About this task: Each record is to be transcribed exactly.

Items listed in a dataset
——
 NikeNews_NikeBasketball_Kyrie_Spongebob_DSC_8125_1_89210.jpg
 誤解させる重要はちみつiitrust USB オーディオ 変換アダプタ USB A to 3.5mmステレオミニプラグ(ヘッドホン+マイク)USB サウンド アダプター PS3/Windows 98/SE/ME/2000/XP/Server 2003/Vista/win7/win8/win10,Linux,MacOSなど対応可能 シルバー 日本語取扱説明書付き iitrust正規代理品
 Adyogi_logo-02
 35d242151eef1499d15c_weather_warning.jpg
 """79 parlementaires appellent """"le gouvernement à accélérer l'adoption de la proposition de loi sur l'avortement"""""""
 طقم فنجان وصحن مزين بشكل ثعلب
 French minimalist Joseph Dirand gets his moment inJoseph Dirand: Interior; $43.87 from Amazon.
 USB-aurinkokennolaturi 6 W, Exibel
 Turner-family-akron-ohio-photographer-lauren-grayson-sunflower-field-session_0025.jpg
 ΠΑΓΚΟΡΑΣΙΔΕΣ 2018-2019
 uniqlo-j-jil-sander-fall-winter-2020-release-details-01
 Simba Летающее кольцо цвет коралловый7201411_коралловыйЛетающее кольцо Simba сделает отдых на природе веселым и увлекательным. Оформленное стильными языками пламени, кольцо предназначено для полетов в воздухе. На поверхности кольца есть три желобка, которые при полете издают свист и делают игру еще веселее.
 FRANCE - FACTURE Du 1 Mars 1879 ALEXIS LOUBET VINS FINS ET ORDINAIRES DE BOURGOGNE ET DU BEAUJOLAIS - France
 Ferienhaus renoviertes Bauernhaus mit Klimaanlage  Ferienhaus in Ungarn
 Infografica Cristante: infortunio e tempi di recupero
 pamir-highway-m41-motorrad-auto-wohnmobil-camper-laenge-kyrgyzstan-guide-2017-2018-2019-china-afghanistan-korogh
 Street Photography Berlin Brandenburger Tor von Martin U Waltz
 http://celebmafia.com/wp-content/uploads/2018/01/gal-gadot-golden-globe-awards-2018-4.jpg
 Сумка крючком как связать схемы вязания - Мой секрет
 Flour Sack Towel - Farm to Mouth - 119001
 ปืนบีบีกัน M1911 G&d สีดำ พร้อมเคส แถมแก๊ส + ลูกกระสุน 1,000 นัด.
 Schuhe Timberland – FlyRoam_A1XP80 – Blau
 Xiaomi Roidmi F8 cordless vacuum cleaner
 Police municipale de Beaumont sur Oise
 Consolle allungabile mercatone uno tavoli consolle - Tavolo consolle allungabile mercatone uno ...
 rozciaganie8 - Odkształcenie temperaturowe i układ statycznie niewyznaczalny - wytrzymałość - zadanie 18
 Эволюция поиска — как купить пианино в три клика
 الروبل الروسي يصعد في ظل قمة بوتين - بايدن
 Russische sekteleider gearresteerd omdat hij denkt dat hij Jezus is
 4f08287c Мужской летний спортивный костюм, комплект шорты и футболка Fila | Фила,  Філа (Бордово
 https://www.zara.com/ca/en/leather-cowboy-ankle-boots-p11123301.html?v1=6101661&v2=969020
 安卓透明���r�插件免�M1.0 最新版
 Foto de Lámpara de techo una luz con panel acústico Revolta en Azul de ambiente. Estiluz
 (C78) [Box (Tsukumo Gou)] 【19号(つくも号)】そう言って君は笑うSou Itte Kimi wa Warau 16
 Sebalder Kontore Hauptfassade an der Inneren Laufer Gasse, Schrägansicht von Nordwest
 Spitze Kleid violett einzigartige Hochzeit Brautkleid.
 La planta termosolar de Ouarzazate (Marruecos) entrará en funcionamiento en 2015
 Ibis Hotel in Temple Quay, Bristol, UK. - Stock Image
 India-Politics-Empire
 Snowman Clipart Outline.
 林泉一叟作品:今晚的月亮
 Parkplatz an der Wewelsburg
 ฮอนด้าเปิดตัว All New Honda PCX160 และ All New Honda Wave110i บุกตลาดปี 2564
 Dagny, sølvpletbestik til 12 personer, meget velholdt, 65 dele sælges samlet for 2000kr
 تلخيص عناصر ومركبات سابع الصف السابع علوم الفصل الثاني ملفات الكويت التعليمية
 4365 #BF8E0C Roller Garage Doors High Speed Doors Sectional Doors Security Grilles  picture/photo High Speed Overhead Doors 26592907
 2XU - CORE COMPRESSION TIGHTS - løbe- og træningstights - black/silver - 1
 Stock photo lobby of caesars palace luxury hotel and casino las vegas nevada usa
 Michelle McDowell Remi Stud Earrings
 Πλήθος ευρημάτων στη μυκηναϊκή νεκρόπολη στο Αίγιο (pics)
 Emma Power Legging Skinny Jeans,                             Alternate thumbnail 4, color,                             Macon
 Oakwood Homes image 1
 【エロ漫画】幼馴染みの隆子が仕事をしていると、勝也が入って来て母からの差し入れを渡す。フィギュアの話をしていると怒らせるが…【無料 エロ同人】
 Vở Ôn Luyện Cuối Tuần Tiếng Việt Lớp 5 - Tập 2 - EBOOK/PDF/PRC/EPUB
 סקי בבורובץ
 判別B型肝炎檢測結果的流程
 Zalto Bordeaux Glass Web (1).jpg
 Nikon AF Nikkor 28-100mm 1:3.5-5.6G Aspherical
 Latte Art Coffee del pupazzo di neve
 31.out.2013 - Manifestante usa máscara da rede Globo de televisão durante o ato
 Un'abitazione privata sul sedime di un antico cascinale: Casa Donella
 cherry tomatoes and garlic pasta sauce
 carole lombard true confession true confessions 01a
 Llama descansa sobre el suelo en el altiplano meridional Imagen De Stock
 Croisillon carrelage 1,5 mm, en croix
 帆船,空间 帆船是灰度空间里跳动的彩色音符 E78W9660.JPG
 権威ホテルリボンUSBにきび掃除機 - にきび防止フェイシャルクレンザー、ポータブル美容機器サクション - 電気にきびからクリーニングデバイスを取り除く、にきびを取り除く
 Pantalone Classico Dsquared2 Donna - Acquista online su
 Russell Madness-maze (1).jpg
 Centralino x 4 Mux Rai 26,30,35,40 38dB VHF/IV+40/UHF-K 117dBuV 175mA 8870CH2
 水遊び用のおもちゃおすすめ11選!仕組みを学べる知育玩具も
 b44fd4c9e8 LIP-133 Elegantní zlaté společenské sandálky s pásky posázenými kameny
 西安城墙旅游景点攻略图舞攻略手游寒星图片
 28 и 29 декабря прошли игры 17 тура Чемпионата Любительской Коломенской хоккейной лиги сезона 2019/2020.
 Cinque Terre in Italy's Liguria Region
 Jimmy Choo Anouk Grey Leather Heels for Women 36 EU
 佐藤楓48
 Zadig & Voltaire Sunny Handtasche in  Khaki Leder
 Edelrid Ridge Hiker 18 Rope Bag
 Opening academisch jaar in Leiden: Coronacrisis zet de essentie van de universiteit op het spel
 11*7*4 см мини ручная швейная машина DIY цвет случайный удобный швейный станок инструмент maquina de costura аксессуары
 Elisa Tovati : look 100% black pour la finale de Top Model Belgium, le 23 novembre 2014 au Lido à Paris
——
Result of this exercise:
 NikeNews_NikeBasketball_Kyrie_Spongebob_DSC_8125_1_89210.jpg
 誤解させる重要はちみつiitrust USB オーディオ 変換アダプタ USB A to 3.5mmステレオミニプラグ(ヘッドホン+マイク)USB サウンド アダプター PS3/Windows 98/SE/ME/2000/XP/Server 2003/Vista/win7/win8/win10,Linux,MacOSなど対応可能 シルバー 日本語取扱説明書付き iitrust正規代理品
 Adyogi_logo-02
 35d242151eef1499d15c_weather_warning.jpg
 """79 parlementaires appellent """"le gouvernement à accélérer l'adoption de la proposition de loi sur l'avortement"""""""
 طقم فنجان وصحن مزين بشكل ثعلب
 French minimalist Joseph Dirand gets his moment inJoseph Dirand: Interior; $43.87 from Amazon.
 USB-aurinkokennolaturi 6 W, Exibel
 Turner-family-akron-ohio-photographer-lauren-grayson-sunflower-field-session_0025.jpg
 ΠΑΓΚΟΡΑΣΙΔΕΣ 2018-2019
 uniqlo-j-jil-sander-fall-winter-2020-release-details-01
 Simba Летающее кольцо цвет коралловый7201411_коралловыйЛетающее кольцо Simba сделает отдых на природе веселым и увлекательным. Оформленное стильными языками пламени, кольцо предназначено для полетов в воздухе. На поверхности кольца есть три желобка, которые при полете издают свист и делают игру еще веселее.
 FRANCE - FACTURE Du 1 Mars 1879 ALEXIS LOUBET VINS FINS ET ORDINAIRES DE BOURGOGNE ET DU BEAUJOLAIS - France
 Ferienhaus renoviertes Bauernhaus mit Klimaanlage  Ferienhaus in Ungarn
 Infografica Cristante: infortunio e tempi di recupero
 pamir-highway-m41-motorrad-auto-wohnmobil-camper-laenge-kyrgyzstan-guide-2017-2018-2019-china-afghanistan-korogh
 Street Photography Berlin Brandenburger Tor von Martin U Waltz
 http://celebmafia.com/wp-content/uploads/2018/01/gal-gadot-golden-globe-awards-2018-4.jpg
 Сумка крючком как связать схемы вязания - Мой секрет
 Flour Sack Towel - Farm to Mouth - 119001
 ปืนบีบีกัน M1911 G&d สีดำ พร้อมเคส แถมแก๊ส + ลูกกระสุน 1,000 นัด.
 Schuhe Timberland – FlyRoam_A1XP80 – Blau
 Xiaomi Roidmi F8 cordless vacuum cleaner
 Police municipale de Beaumont sur Oise
 Consolle allungabile mercatone uno tavoli consolle - Tavolo consolle allungabile mercatone uno ...
 rozciaganie8 - Odkształcenie temperaturowe i układ statycznie niewyznaczalny - wytrzymałość - zadanie 18
 Эволюция поиска — как купить пианино в три клика
 الروبل الروسي يصعد في ظل قمة بوتين - بايدن
 Russische sekteleider gearresteerd omdat hij denkt dat hij Jezus is
 4f08287c Мужской летний спортивный костюм, комплект шорты и футболка Fila | Фила,  Філа (Бордово
 https://www.zara.com/ca/en/leather-cowboy-ankle-boots-p11123301.html?v1=6101661&v2=969020
 安卓透明���r�插件免�M1.0 最新版
 Foto de Lámpara de techo una luz con panel acústico Revolta en Azul de ambiente. Estiluz
 (C78) [Box (Tsukumo Gou)] 【19号(つくも号)】そう言って君は笑うSou Itte Kimi wa Warau 16
 Sebalder Kontore Hauptfassade an der Inneren Laufer Gasse, Schrägansicht von Nordwest
 Spitze Kleid violett einzigartige Hochzeit Brautkleid.
 La planta termosolar de Ouarzazate (Marruecos) entrará en funcionamiento en 2015
 Ibis Hotel in Temple Quay, Bristol, UK. - Stock Image
 India-Politics-Empire
 Snowman Clipart Outline.
 林泉一叟作品:今晚的月亮
 Parkplatz an der Wewelsburg
 ฮอนด้าเปิดตัว All New Honda PCX160 และ All New Honda Wave110i บุกตลาดปี 2564
 Dagny, sølvpletbestik til 12 personer, meget velholdt, 65 dele sælges samlet for 2000kr
 تلخيص عناصر ومركبات سابع الصف السابع علوم الفصل الثاني ملفات الكويت التعليمية
 4365 #BF8E0C Roller Garage Doors High Speed Doors Sectional Doors Security Grilles  picture/photo High Speed Overhead Doors 26592907
 2XU - CORE COMPRESSION TIGHTS - løbe- og træningstights - black/silver - 1
 Stock photo lobby of caesars palace luxury hotel and casino las vegas nevada usa
 Michelle McDowell Remi Stud Earrings
 Πλήθος ευρημάτων στη μυκηναϊκή νεκρόπολη στο Αίγιο (pics)
 Emma Power Legging Skinny Jeans,                             Alternate thumbnail 4, color,                             Macon
 Oakwood Homes image 1
 【エロ漫画】幼馴染みの隆子が仕事をしていると、勝也が入って来て母からの差し入れを渡す。フィギュアの話をしていると怒らせるが…【無料 エロ同人】
 Vở Ôn Luyện Cuối Tuần Tiếng Việt Lớp 5 - Tập 2 - EBOOK/PDF/PRC/EPUB
 סקי בבורובץ
 判別B型肝炎檢測結果的流程
 Zalto Bordeaux Glass Web (1).jpg
 Nikon AF Nikkor 28-100mm 1:3.5-5.6G Aspherical
 Latte Art Coffee del pupazzo di neve
 31.out.2013 - Manifestante usa máscara da rede Globo de televisão durante o ato
 Un'abitazione privata sul sedime di un antico cascinale: Casa Donella
 cherry tomatoes and garlic pasta sauce
 carole lombard true confession true confessions 01a
 Llama descansa sobre el suelo en el altiplano meridional Imagen De Stock
 Croisillon carrelage 1,5 mm, en croix
 帆船,空间 帆船是灰度空间里跳动的彩色音符 E78W9660.JPG
 権威ホテルリボンUSBにきび掃除機 - にきび防止フェイシャルクレンザー、ポータブル美容機器サクション - 電気にきびからクリーニングデバイスを取り除く、にきびを取り除く
 Pantalone Classico Dsquared2 Donna - Acquista online su
 Russell Madness-maze (1).jpg
 Centralino x 4 Mux Rai 26,30,35,40 38dB VHF/IV+40/UHF-K 117dBuV 175mA 8870CH2
 水遊び用のおもちゃおすすめ11選!仕組みを学べる知育玩具も
 b44fd4c9e8 LIP-133 Elegantní zlaté společenské sandálky s pásky posázenými kameny
 西安城墙旅游景点攻略图舞攻略手游寒星图片
 28 и 29 декабря прошли игры 17 тура Чемпионата Любительской Коломенской хоккейной лиги сезона 2019/2020.
 Cinque Terre in Italy's Liguria Region
 Jimmy Choo Anouk Grey Leather Heels for Women 36 EU
 佐藤楓48
 Zadig & Voltaire Sunny Handtasche in  Khaki Leder
 Edelrid Ridge Hiker 18 Rope Bag
 Opening academisch jaar in Leiden: Coronacrisis zet de essentie van de universiteit op het spel
 11*7*4 см мини ручная швейная машина DIY цвет случайный удобный швейный станок инструмент maquina de costura аксессуары
 Elisa Tovati : look 100% black pour la finale de Top Model Belgium, le 23 novembre 2014 au Lido à Paris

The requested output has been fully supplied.